- The paper shows that L2 regularization drives a phase transition, shifting the DNN error landscape and triggering an onset-of-learning.
- It employs geometric analysis using Ricci curvature and experimental testing on a two-hidden-layer network to highlight transitions at specific β values.
- Findings reveal grokking and hysteresis effects under high data complexity, offering insights for enhanced training control in neural networks.
Detailed Summary of "Phase Transitions between Accuracy Regimes in L2 Regularized Deep Neural Networks" (2505.06597)
Introduction
The paper investigates the phenomena associated with L2 regularization in deep neural networks (DNNs), focusing on phase transitions in their error and loss landscapes. It provides a geometric interpretation of phase transitions during the training of DNNs, characterizing these transitions using the Ricci curvature of the error landscape. The study extends existing works by predicting additional transitions when data complexity increases and elucidates the role of geometry in grokking.
Geometric Interpretation of Phase Transitions
L2 regularization modifies the loss landscape, acting as a force that shifts the global minimum towards the origin, effectively acting upon the parameter space. The paper describes a first-order phase transition termed "onset-of-learning", where DNNs transition from a useful model to a trivial one as regularization strength β increases.
Figure 1: Sketch of a loss landscape with increasing L2 regularizer strength β.
This transition is characterized by a sudden shift in parameters, interpreted as the model being pushed out of an error basin, and can be observed as a jump in the error surface metrics.
Experimental Verification
The authors present experimental results that confirm the phase transitions in DNNs. A two-hidden-layer NN is considered, trained with varying β values illustrating transitions in mean squared error, curvature, and parameter distance.
Figure 2: Phase transitions in a two-layer neural network with differing regularization strengths, showing transitions related to accuracy and error surface geometry.
The results show not only the onset-of-learning at β0​ but also an additional transition at β1​, pointing to complex interactions between regularization and data complexity.
Grokking and Hysteresis
Grokking, described as delayed convergence due to being stuck in a local minima, is explored as a hysteresis effect. This is especially pronounced in high-complexity scenarios, where models initially enter a low-accuracy phase before eventually achieving higher accuracy.
Figure 3: Mean-Squared-Error over Epochs for NNs with different initializations showing delayed convergence due to hysteresis.

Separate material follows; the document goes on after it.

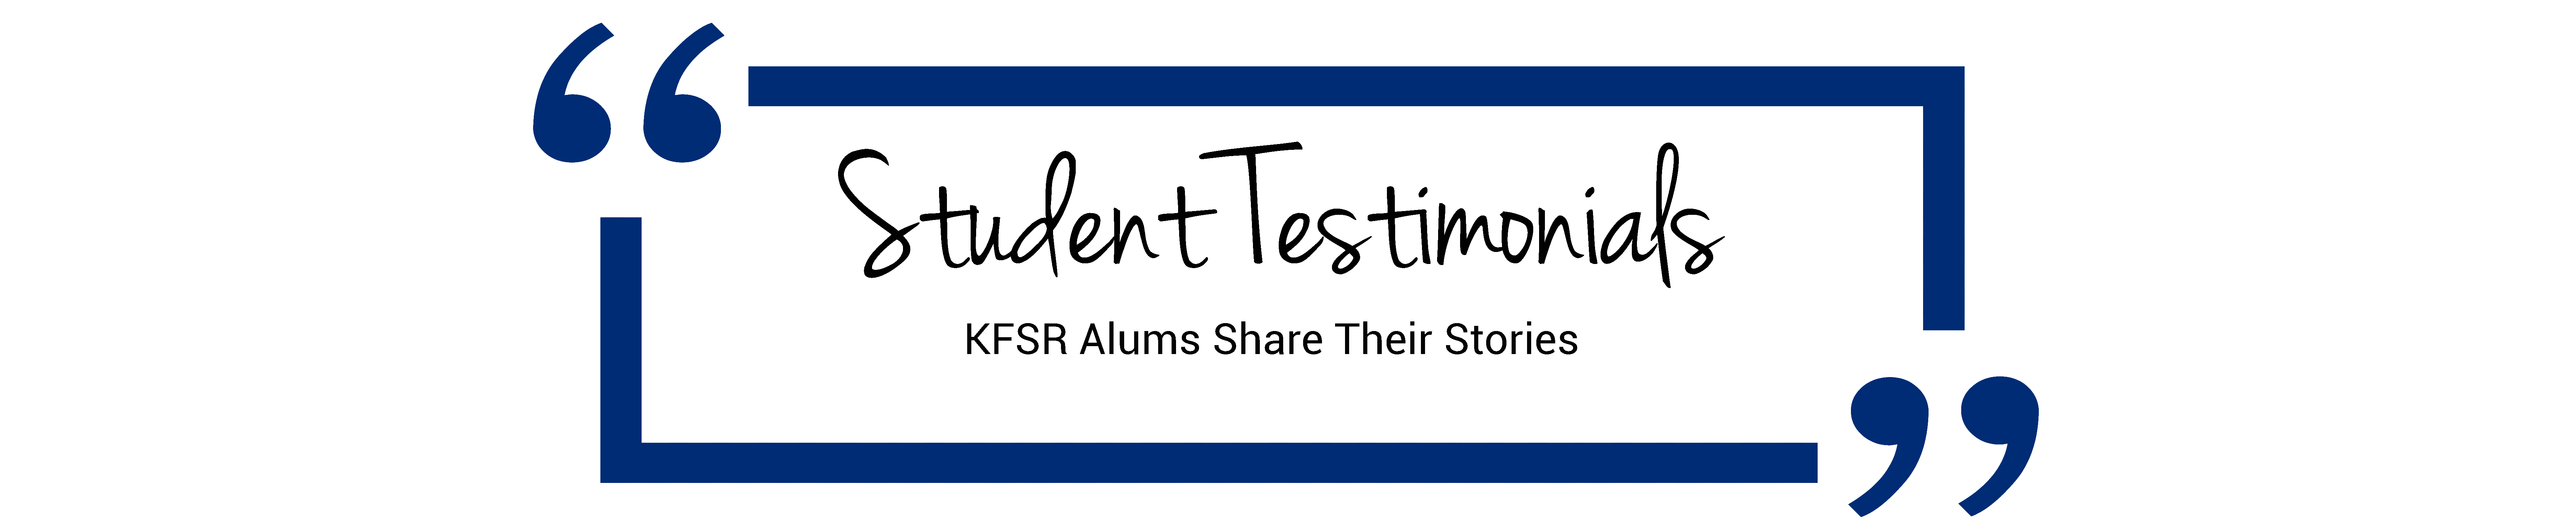 kfsr student testimonials graphic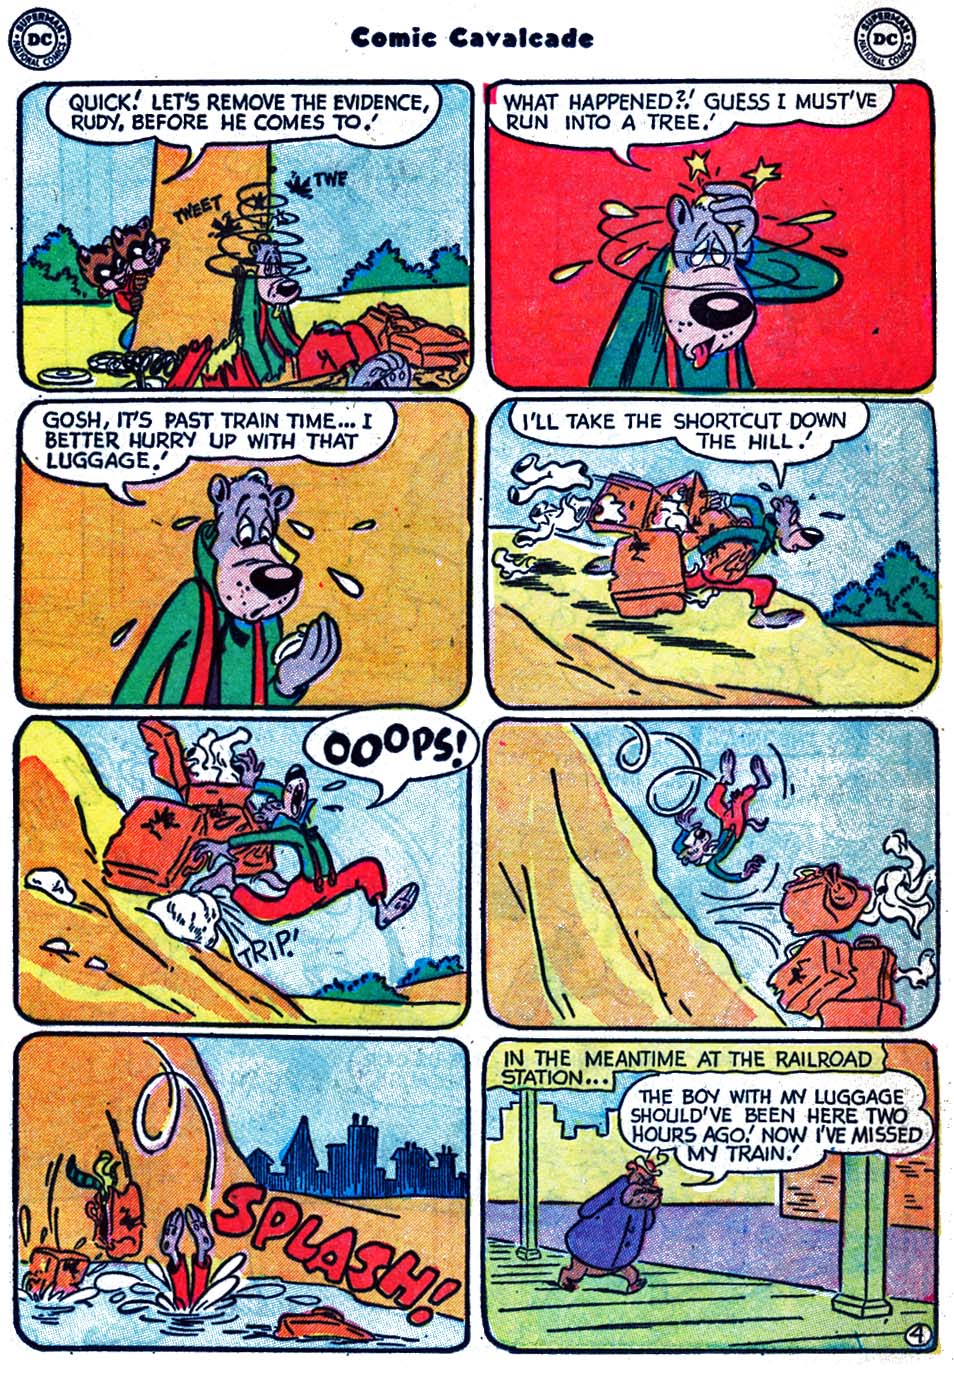 Comic Cavalcade issue 53 - Page 23

The paper illustrates how grokking can be induced by initializing models within different accuracy phases, displaying the time-dependent nature of neural network training dynamics as controlled by error basins.
Conclusion
The research provides a comprehensive geometric framework for understanding phase transitions and hysteresis in L2 regularized DNNs. Through theoretical analysis complemented by numerical experiments, the paper deepens the understanding of how regularization interacts with data complexity. Future research directions include further characterizing the global error landscape and addressing methods to mitigate undesirable effects like grokking during neural network training. The study proposes potential for harnessing these insights to refine model training efficiency and controllability in complex learning environments.